September 14, 2012
Dear Mayo Clinic:
I have had ulcerative colitis for years. I've tried many medications, but none are very effective at relieving the pain and diarrhea. I'm considering surgical treatment. What can I expect if I choose to have an ileoanal anastomosis? What are the risks of the procedure?
Ileoanal anastomosis can be an effective treatment for ulcerative colitis, especially for people in your situation who have difficulty controlling symptoms with medication. The procedure is complex, and it usually requires two surgeries. But for those with severe ulcerative colitis, it can significantly improve quality of life.
Ulcerative colitis is a form of inflammatory bowel disease that affects only the colon. It does not involve the small intestine. The severity of this disease can vary significantly from one person to another. In some people with mild to moderate forms of ulcerative colitis, medication can control symptoms, and no other treatment is needed.
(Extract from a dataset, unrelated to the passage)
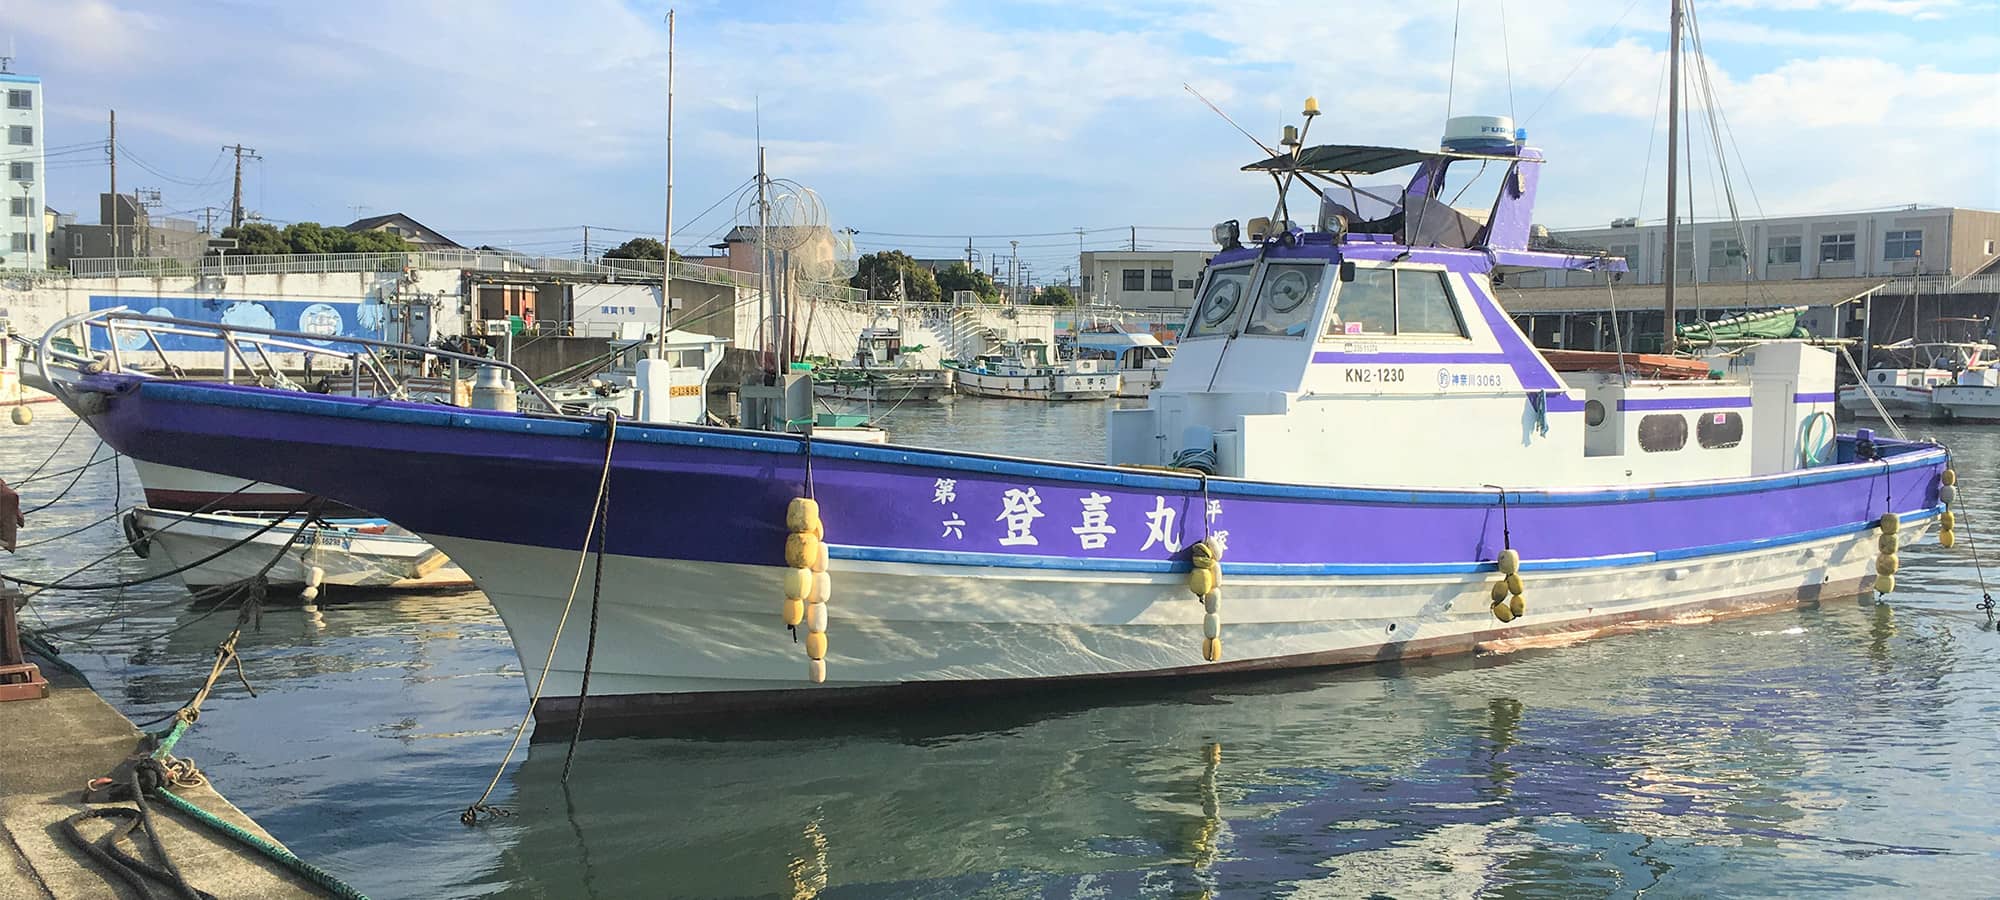 登喜丸 公式サイト 平塚市千石河岸平塚漁港の釣り船

For others, abdominal pain, rectal bleeding, diarrhea, cramps and weight loss are persistent, even with medication.
For the second group, surgery may be a reasonable choice. Surgery for ulcerative colitis usually involves removing the entire colon and rectum. In the past, the surgery included creating an opening in the abdomen, called an ileostomy, where stool would leave the body. This ileostomy was permanent. A small pouch or bag was placed over that opening to collect stool.
Now, however, ileoanal anastomosis offers people with ulcerative colitis the option of surgery without needing to wear a bag permanently. The procedure still involves taking out the colon and rectum. But instead of making a hole through the abdomen, the surgeon constructs a pouch inside the body using the small intestine. This internal pouch is connected to the anus, so bowel movements leave the body through the normal route.
Ileoanal anastomosis is usually a two-stage procedure. During the first operation, the surgeon removes the colon and rectum, creates the internal pouch and connects it to the anus. Because the new pouch needs time to heal before it will work properly, a temporary ileostomy is also made that allows stool to leave the body through that opening during the healing process.
During the second operation, the surgeon closes the temporary ileostomy, so stool can move through the small intestine and the new internal pouch, and then out through the anus. The time between the first and second surgeries is usually about three months.
Before and after the first operation, your health care team teaches you how to manage the temporary ileostomy. You may need to make some changes to your diet or eating habits while you have the ileostomy to avoid problems such as undigested food blocking the opening. For most people, though, a temporary ileostomy does not pose significant challenges.
The risks of ileoanal anastomosis are similar to the risks involved with any surgical procedure, including infection, bleeding and blood clots. After surgery, possible complications include inflammation developing within the new pouch, and a buildup of scar tissue where the pouch is connected to the anus. However, these problems usually are effectively managed without additional surgery.
By removing the colon, ileoanal anastomosis eliminates ulcerative colitis. Bowel movements after surgery can be more frequent, and they may be watery or soft because the colon is not present to absorb water. But, for most people, symptoms such as pain, cramps, diarrhea and urgent bowel movements disappear after ileoanal anastomosis and, as a result, their overall quality of life is much better than it was before surgery.
— John Pemberton, M.D., Colon and Rectal Surgery, Mayo Clinic, Rochester, Minn.